People have been arguing about whether government should fund the arts for a long, long time. Some consider it to be an important part of redistribution of wealth, pumping money into people capable of creating works of art but incapable of doing it in a manner that would support themselves and their vocational choice. Others consider it to be immoral and counter-productive: government doesn’t get money from thin air, it comes from tax-payers. And why should people who have no interest in arts in general or in a particular kind of arts finance people who are incapable of making themselves interesting enough to be supported voluntarily?
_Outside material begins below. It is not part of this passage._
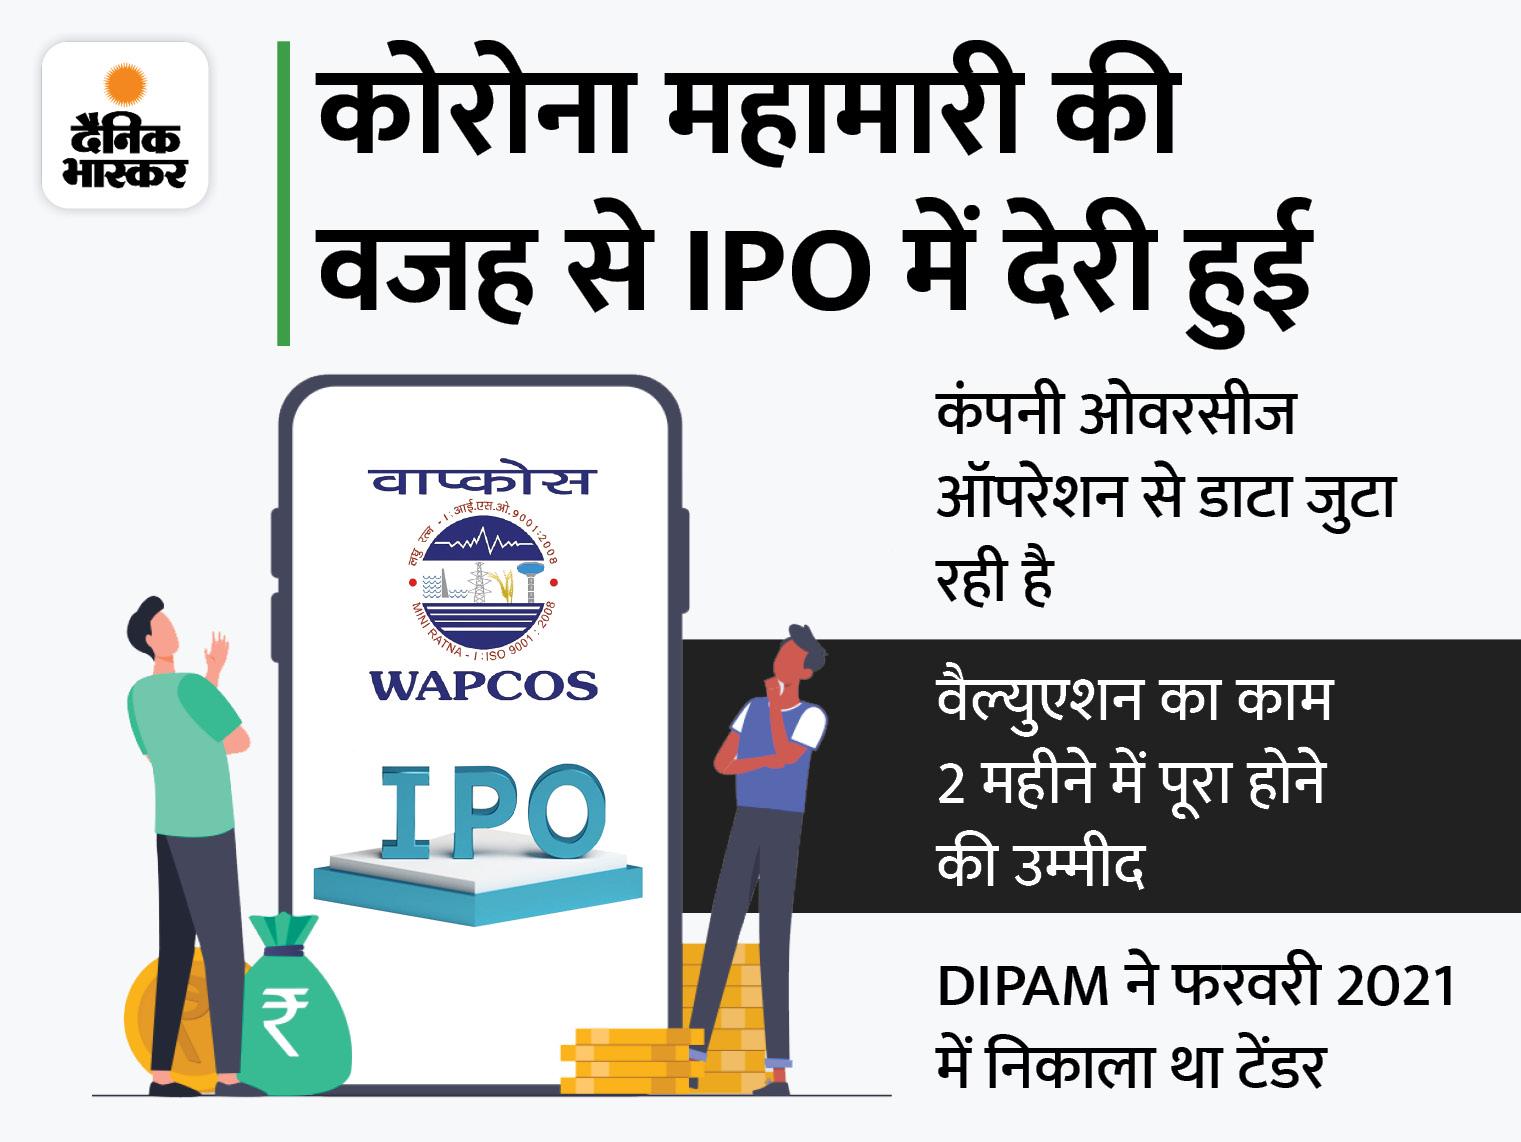 IPO के जरिए 25% हिस्सेदारी बेचने की योजना, मार्च 2022 तक आ सकता है इश्यू|बिजनेस,Business - Dainik Bhaskar

In addition to using tax money in a way that doesn’t necessarily benefits tax-payers, such practice leads to the appearance of people who feed off the grants without providing anything in return.
Is It Effective?
But leaving moral viewpoint aside, let’s ask ourselves: is government funding for the arts even effective in any way?
Let’s look at two different approaches to the problem. European countries traditionally do a lot of income redistribution, and they don’t leave out arts as well, pumping astounding sums of money into various grants every year, regulating their activity and supporting artists. The practice of governmental funding exists in the United States as well, but at a much smaller scale. However, the USA compensates for it the usual way – by means of private enterprise. Charitable tax deduction, while not funding the arts directly, provides great incentives for businesses and individuals to support non-profit organizations – the ones dealing with the arts included.
Also, let’s not forget about another, age-old way of supporting arts: by voting for what is really good with your dollar. Yes, most of arts funding in the USA comes from private sectors: in the form of bought tickets and donations. And the amounts received this way are much higher than what European countries give their artists by means of taking tax money and giving it directly to the artists.
Is It Stable?
Another catch of government funding for the arts is that it is extremely precarious thing to base your arts career on. Practice shows that in times of economic crises arts spending becomes one of the first things government tries to save on. As a result, people, organizations and entire industries which are not used to funding for themselves face very grim prospects: aside from the government, nobody is really interested in them.
So what are the main characteristics of governmental funding for the arts?
- It doesn’t actually help artists progress – what is the worth of art if nobody wants to support it voluntarily?
- It may disappear at any moment, once the country faces economic problems.
- It is simply less effective in generating financial support than private sector.
Recent economic recession hit European arts especially hard, because they are mostly supported by the government, while American non-profit organizations mostly managed to survive it quite well. The reason is simple – when you redistribute income by force, people are much less eager to do charity on their own.